Problem statement:
What is needed is an exact copy of the lines in the listing below, from the one with "Meghan Markle and" up to and including the one with "StaffConnect Announces Partnership", with no other lines.

Data to examine:

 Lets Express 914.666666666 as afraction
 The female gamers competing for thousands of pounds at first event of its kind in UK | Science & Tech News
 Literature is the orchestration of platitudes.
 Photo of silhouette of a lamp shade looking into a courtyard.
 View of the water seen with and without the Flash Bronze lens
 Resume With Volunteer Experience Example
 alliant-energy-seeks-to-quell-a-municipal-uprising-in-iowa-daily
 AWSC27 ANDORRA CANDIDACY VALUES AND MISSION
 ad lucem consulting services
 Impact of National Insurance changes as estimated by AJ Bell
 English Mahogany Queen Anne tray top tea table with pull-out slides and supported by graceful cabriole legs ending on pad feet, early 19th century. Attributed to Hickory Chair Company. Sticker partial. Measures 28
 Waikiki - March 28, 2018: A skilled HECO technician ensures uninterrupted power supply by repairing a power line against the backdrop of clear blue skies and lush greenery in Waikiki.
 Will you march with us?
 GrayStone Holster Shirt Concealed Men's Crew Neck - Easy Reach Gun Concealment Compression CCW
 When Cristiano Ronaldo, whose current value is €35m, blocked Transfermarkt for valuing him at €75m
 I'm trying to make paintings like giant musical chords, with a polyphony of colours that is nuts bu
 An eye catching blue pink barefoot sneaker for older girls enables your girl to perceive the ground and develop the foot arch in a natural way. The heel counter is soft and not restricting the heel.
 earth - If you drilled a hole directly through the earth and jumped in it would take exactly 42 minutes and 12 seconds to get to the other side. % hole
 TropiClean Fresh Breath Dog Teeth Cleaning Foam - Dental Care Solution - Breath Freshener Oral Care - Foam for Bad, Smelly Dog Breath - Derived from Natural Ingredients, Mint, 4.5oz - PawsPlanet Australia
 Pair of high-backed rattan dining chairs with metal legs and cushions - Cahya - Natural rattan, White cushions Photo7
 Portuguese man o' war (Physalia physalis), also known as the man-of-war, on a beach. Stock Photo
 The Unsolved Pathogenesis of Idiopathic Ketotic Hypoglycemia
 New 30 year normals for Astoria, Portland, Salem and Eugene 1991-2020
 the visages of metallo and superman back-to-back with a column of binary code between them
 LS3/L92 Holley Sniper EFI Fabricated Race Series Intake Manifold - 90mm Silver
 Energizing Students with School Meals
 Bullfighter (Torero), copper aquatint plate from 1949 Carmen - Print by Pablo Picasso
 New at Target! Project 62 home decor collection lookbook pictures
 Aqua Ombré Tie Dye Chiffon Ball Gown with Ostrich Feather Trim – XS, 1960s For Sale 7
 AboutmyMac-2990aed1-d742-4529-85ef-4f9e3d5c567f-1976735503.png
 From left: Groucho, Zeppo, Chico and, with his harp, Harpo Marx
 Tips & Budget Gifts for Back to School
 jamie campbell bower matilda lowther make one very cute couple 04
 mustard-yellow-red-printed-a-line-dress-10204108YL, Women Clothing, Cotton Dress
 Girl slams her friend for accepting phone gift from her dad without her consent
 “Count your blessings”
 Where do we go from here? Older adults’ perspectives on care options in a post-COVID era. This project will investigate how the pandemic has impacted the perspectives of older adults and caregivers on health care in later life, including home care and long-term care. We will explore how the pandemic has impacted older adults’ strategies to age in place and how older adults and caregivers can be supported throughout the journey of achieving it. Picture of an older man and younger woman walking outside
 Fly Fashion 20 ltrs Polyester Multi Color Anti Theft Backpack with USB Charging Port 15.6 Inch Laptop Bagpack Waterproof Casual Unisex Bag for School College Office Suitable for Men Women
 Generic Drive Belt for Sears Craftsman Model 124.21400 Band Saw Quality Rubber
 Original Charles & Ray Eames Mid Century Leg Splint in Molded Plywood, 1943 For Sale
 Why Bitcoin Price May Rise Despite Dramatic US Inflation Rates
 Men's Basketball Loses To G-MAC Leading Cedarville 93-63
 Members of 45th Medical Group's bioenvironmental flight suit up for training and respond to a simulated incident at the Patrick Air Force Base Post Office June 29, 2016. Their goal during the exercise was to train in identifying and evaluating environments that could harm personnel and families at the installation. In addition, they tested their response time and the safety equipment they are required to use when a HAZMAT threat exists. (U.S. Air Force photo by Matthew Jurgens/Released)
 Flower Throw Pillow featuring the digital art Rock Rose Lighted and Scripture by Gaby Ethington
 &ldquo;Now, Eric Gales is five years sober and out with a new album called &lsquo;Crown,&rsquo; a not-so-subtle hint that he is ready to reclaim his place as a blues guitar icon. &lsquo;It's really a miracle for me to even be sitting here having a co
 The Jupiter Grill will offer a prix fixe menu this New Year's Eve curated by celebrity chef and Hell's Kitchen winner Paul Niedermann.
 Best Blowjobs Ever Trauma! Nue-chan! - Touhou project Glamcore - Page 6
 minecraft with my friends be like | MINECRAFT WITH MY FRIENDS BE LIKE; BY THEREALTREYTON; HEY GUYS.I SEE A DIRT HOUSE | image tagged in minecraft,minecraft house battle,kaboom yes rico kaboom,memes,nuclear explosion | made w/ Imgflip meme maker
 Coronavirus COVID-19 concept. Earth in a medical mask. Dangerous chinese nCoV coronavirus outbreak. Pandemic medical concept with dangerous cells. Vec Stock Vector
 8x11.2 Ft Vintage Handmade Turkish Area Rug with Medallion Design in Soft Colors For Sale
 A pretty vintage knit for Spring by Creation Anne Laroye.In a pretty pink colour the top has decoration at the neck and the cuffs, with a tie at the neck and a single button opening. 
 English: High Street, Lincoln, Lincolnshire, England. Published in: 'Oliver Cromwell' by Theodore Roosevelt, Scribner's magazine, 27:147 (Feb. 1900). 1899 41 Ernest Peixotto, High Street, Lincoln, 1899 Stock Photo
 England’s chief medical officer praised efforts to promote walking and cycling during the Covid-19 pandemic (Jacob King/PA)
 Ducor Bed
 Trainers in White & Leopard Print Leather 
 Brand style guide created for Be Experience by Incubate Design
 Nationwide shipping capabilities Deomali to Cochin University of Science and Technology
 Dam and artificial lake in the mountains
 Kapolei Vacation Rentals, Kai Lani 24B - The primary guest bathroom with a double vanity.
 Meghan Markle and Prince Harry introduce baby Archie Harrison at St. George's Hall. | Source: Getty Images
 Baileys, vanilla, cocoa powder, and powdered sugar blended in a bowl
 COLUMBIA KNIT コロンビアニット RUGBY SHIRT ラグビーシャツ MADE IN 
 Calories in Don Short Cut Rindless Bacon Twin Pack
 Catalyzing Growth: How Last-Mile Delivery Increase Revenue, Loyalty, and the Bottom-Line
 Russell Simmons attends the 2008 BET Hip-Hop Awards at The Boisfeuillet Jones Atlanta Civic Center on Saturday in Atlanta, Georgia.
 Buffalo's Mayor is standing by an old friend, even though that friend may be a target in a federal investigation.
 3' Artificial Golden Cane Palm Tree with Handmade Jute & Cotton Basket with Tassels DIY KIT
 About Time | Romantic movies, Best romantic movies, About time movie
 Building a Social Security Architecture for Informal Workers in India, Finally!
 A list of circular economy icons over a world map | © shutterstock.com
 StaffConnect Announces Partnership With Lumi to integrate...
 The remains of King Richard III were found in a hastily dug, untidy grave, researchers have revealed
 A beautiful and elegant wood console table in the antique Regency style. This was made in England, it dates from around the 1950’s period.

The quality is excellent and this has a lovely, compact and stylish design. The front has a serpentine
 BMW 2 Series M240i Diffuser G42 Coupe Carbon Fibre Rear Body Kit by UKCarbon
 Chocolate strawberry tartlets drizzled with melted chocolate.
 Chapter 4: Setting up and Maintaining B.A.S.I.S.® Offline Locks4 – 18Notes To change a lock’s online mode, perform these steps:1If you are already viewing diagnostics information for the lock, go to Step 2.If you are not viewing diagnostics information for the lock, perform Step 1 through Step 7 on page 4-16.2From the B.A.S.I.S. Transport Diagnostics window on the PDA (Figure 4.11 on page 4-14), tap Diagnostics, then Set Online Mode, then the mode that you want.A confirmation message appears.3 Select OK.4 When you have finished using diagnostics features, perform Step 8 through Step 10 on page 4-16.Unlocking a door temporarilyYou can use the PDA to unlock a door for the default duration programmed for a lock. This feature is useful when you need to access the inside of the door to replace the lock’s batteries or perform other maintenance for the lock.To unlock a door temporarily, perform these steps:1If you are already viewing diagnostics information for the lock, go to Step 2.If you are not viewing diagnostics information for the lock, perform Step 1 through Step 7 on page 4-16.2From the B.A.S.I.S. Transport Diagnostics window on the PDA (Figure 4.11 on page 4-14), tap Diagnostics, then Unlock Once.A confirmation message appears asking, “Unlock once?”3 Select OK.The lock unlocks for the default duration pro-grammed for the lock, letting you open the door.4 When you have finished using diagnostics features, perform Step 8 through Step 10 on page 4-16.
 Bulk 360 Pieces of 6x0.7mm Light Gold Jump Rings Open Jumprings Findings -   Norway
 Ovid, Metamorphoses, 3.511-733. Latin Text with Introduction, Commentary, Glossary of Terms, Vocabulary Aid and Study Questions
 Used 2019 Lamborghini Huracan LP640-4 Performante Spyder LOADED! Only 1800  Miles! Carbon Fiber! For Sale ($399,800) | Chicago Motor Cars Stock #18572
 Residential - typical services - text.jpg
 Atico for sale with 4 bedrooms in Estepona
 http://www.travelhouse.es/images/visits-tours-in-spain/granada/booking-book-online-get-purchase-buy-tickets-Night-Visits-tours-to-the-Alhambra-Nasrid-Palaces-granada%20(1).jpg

Solved exercise:
 Meghan Markle and Prince Harry introduce baby Archie Harrison at St. George's Hall. | Source: Getty Images
 Baileys, vanilla, cocoa powder, and powdered sugar blended in a bowl
 COLUMBIA KNIT コロンビアニット RUGBY SHIRT ラグビーシャツ MADE IN 
 Calories in Don Short Cut Rindless Bacon Twin Pack
 Catalyzing Growth: How Last-Mile Delivery Increase Revenue, Loyalty, and the Bottom-Line
 Russell Simmons attends the 2008 BET Hip-Hop Awards at The Boisfeuillet Jones Atlanta Civic Center on Saturday in Atlanta, Georgia.
 Buffalo's Mayor is standing by an old friend, even though that friend may be a target in a federal investigation.
 3' Artificial Golden Cane Palm Tree with Handmade Jute & Cotton Basket with Tassels DIY KIT
 About Time | Romantic movies, Best romantic movies, About time movie
 Building a Social Security Architecture for Informal Workers in India, Finally!
 A list of circular economy icons over a world map | © shutterstock.com
 StaffConnect Announces Partnership With Lumi to integrate...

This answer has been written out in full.